When I tell people I work in PR, they give me one of two responses. They either say "Oh, so you're a professional spinner" or "What is that"? To which I respond, "absolutely not" or "let me explain".

Public Relations is communicating an image to a desired target. It's an ever-changing and fast-paced industry; there are various forms of public relations and different outlets to work in. Let's talk about the different forms of PR first.

  • External PR: Sharing company information with audiences outside of the corporation. Examples of how this is done include: writing press releases and sending them to the media, pitching company stories to reporters, coordinating interviews for TV, radio, magazines and newspapers, event planning and managing company Facebook and Twitter accounts.
  • Internal PR: Relaying information throughout the organization one works for. Updating information on the company's Intranet site or internal blog, writing and producing an employee newsletter and drafting company-wide e-mails.
  • Community relations: Spreading news about the company throughout the community it resides in. Methods to execute community relations depend on the size and location of the company. Many larger organizations have foundations that support local charities and schools. PR's job is to make sure the community knows how the organization gives back--whether that be by pitching the information to a reporter or posting pictures on the company's Facebook page.
  • Media relations: Disseminating information about the organization to TV and radio stations, newspapers, magazines and bloggers. Back when I went to school (I can't believe I just wrote that because it wasn't THAT long ago!) I learned about telling company stories to "traditional" print and broadcast reporters but in the past few years, "new" or "social" media has emerged and gained importance in the PR world.
  • Crisis communications: Managing communication within and outside of the organization during times of natural disaster, industry crisis or corporate chaos! PR's role in crisis communication is to have a plan developed before crap hits the fan and to execute that plan when the storm hits. You need to decide who is the face of your organization to the media, who relays information to employees and what information is to be shared.
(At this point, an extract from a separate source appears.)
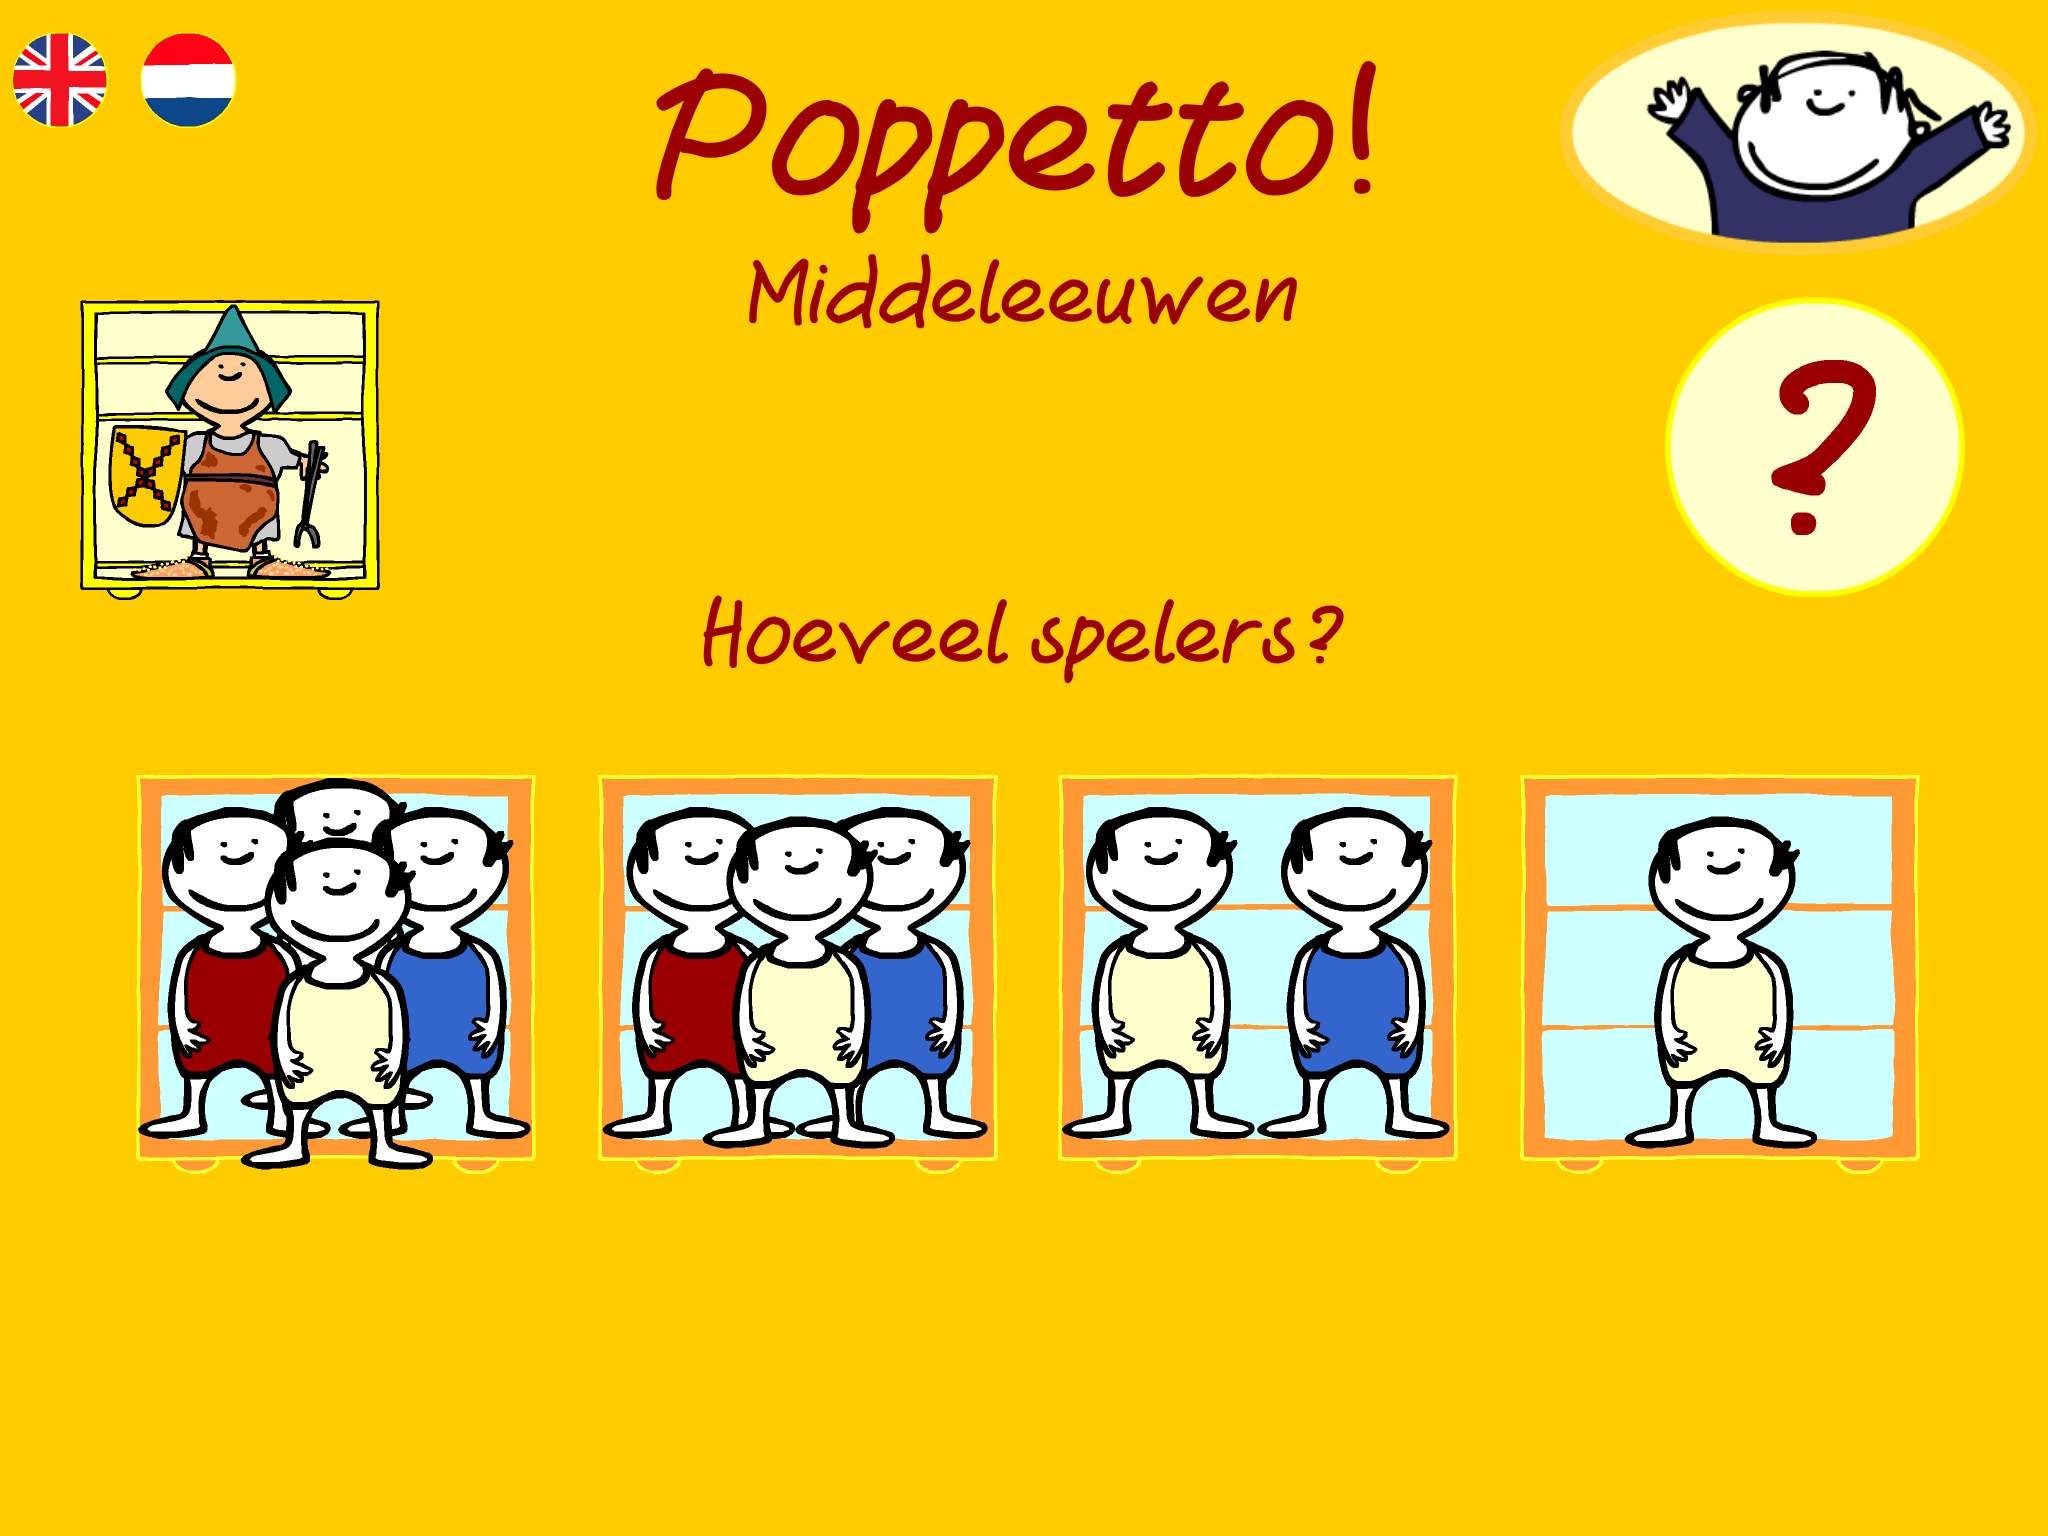 PoppettoMiddeleeuwen
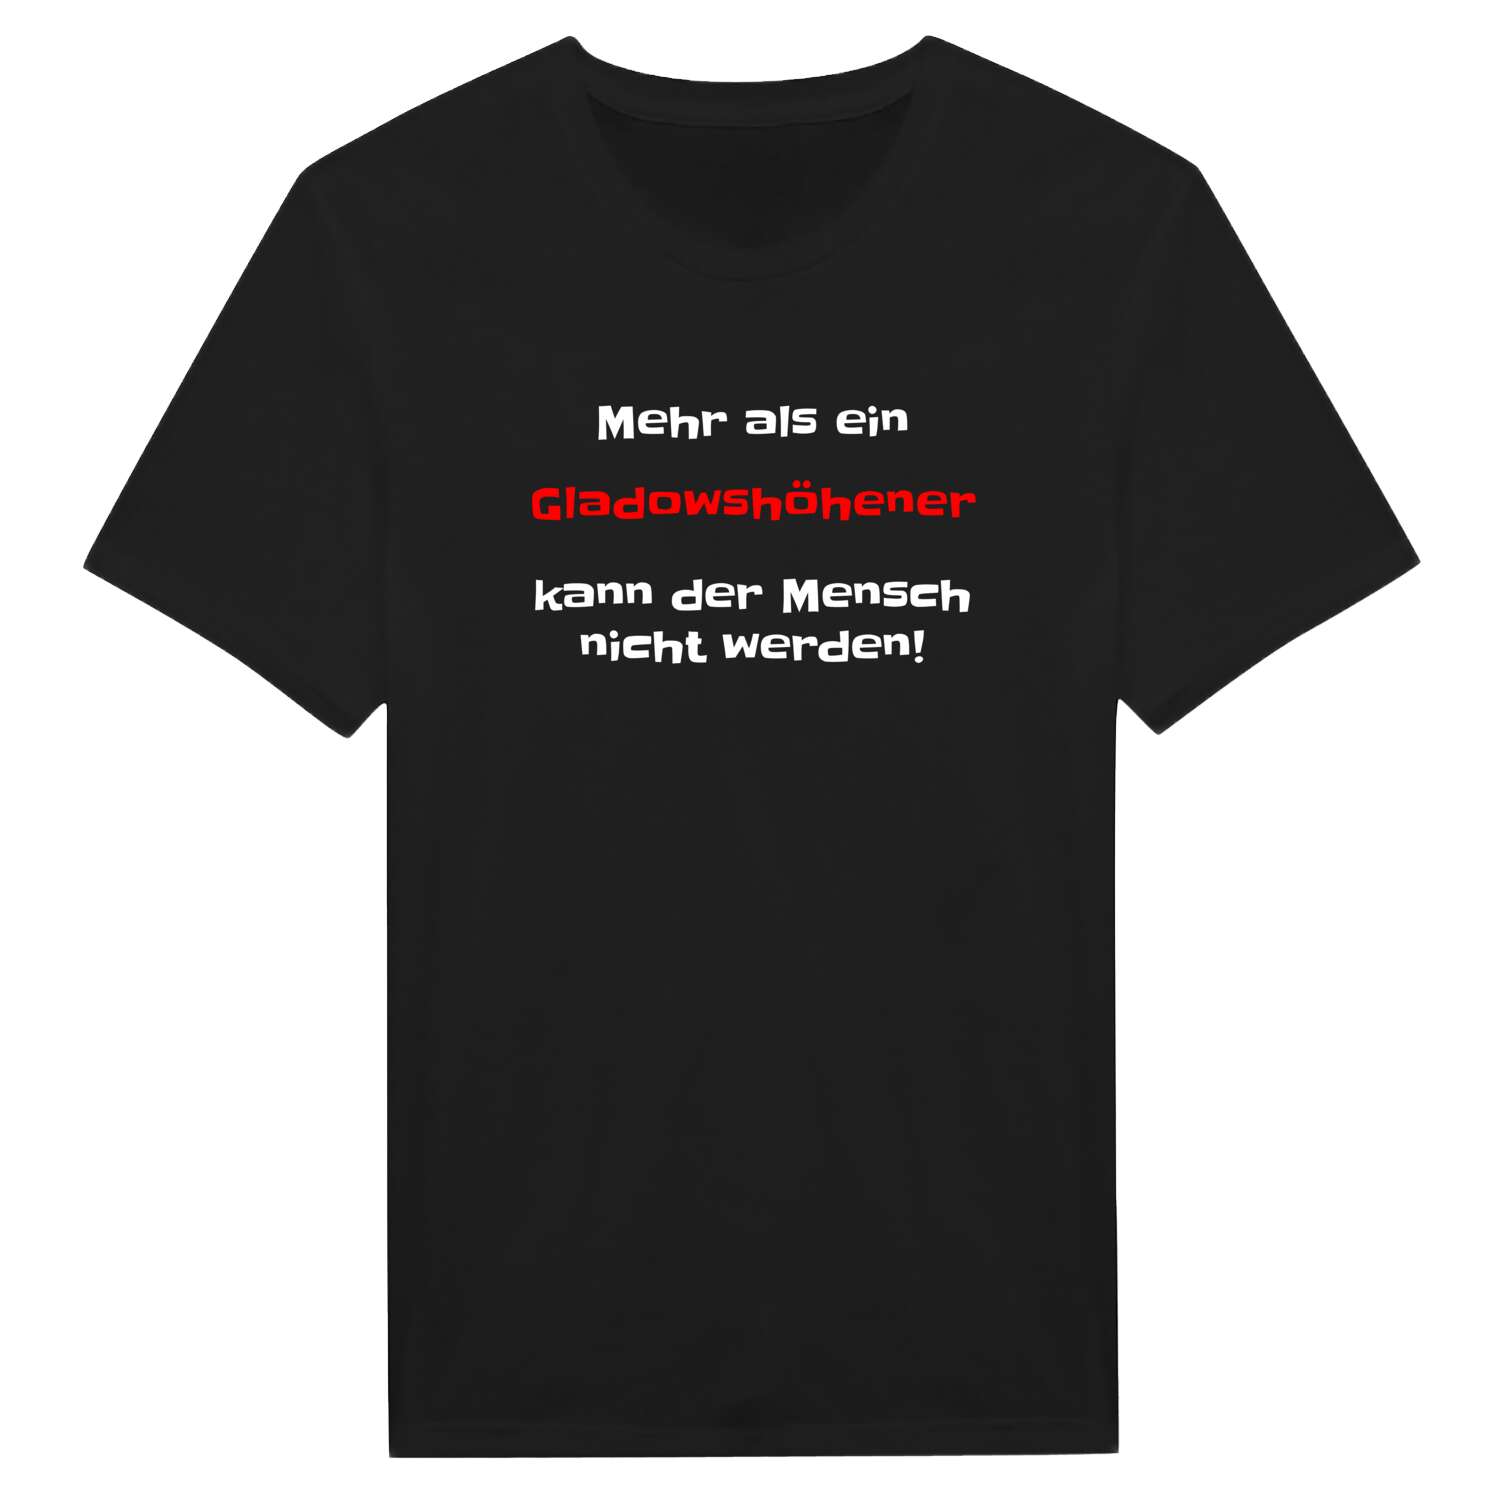 Gladowshöhe T-Shirt »Mehr als ein«

And where can one "do" PR? Well, I like to break it down into three outlet categories:

  • Agency: Working for an agency allows PR professionals to disseminate information and communicate on behalf of multiple clients (the companies that hire the agency for projects) and also to promote the agency itself. (I work for Hiebing but I do PR for Hiebing and clients that hire us.)
  • Corporate: Handling communication needs for one organization. Examples: Kohl's department store, Mercury Marine, General Motors.
  • Non-profit: Managing messages and relaying information for non-profit organizations. Examples include Boys and Girls Club, Big Brothers/Big Sisters, some health care companies and causes like Relay for Life.
  • Often times, corporations (where corporate communicators work) and non-profits (where non-profit communicators work) will hire agencies to help with said corporations marketing and communications needs.

What PR all boils down to is telling stories to the people that need to hear them. Whether it's from one business to another in hopes of partnering together or whether it's from one company to consumers sharing the benefits and perks of that company's products.
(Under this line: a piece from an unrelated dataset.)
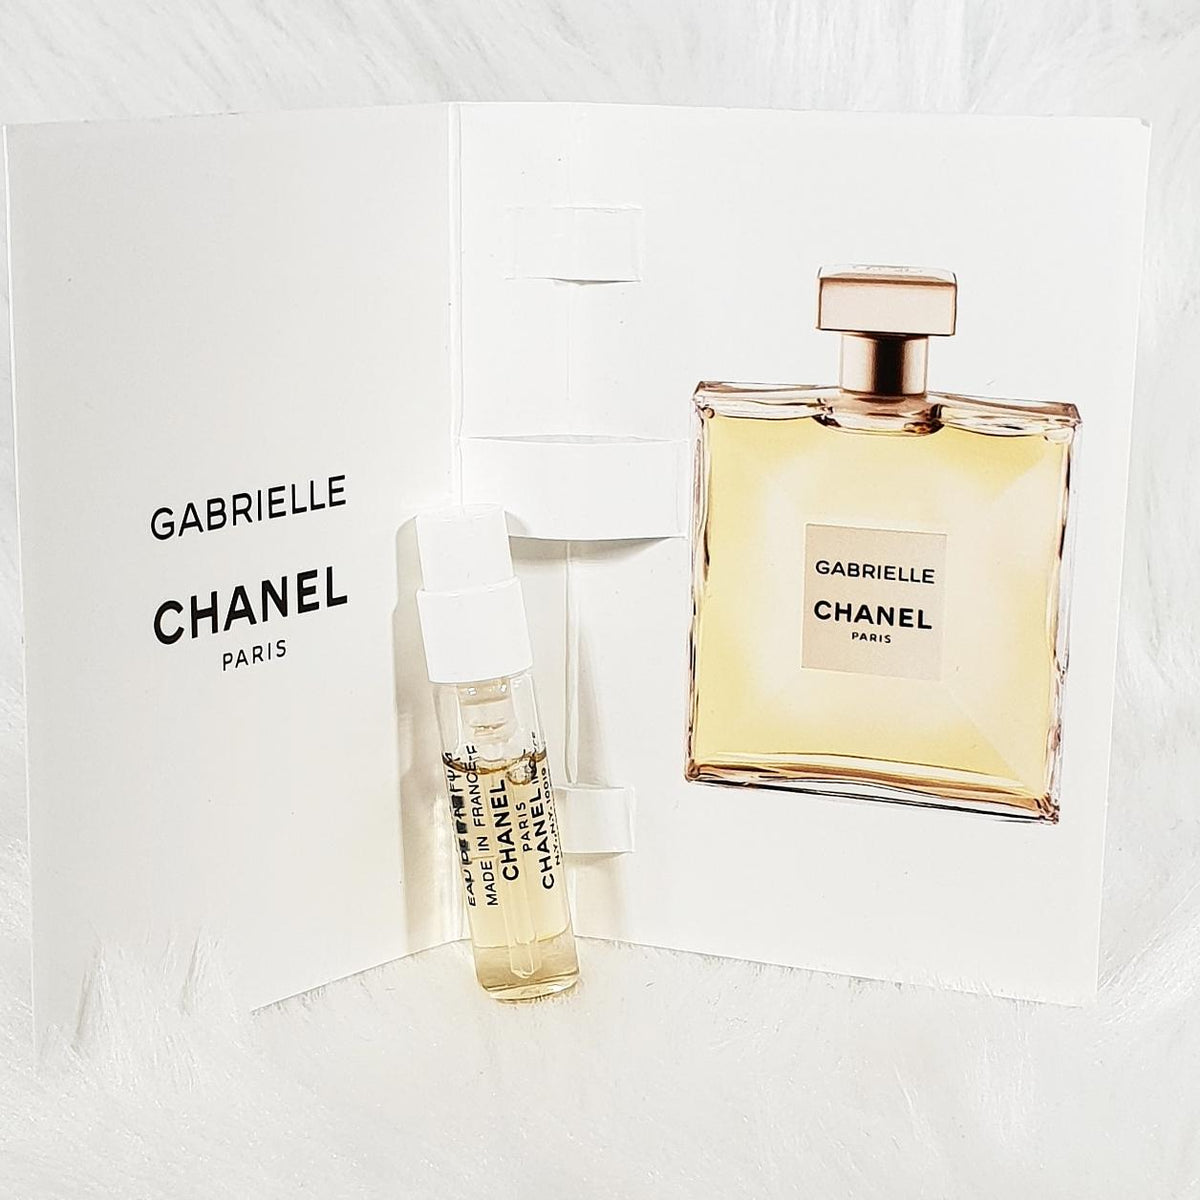 Chanel Gabrielle eau de parfum 1.5 ml perfume sample vial travel

You get your company in the news. You coordinate interviews between reporters and company spokespeople. You plan events. You monitor the media. You plan communication strategies for our company. You write. You edit. You write some more. You blog for your Alma Mater…. Wink wink.

If everything I mentioned above has you scratching your head in confusion, think of it this way. Without semi drivers, there wouldn't be products in the store for consumers to buy. Without PR practitioners, there wouldn't be stories on the news, in the paper or in magazines. We're the link--and, like truck drivers, we often go unnoticed. But if you take us away, uh oh, you're in trouble!

I hope you all had a happy holiday. I know it's been a few weeks since I last wrote (what can I say, except the truth: things got busy-busy-busy at work) but I've got big plans for the blog in 2010--including highlighting Northern alums from around the country.

Until then, Go ‘cats!

Kim


Dec. 7, 2009
Back on the grind

After a four-day weekend of family gatherings, Christmas decorating and sweet potatoes-a-plenty, it's time to put my PR hat back on and focus on the week ahead. As I mentioned in my first blog entry, I work for Hiebing, an integrated marketing and brand development agency in Madison, Wis. Since the purpose of this blog is to expose you to life after NMU, I think the first thing to do is explain Hiebing - where we are, what we do and how we roll.

Let's start with the fun stuff: Hiebing was named after our founder, Roman Hiebing. While he's retired, his legacy lives on through his published work, successful campaigns and 51 employees. We're the largest agency in Madison and we're located downtown, right off "the square"--the block of streets around Wisconsin's capital building. Our building is an old church. That's right. We converted a church into a hub for design, copy-writing and marketing.

So what do we do inside the building? Work hard and play hard, of course! Companies hire us to do a combination of things under the big themes of marketing, research, public relations, design and interactive services. We develop brand identities, rename products, create and design websites, disseminate news across local, trade or international markets, coordinate photo shoots, secure media space and research target markets.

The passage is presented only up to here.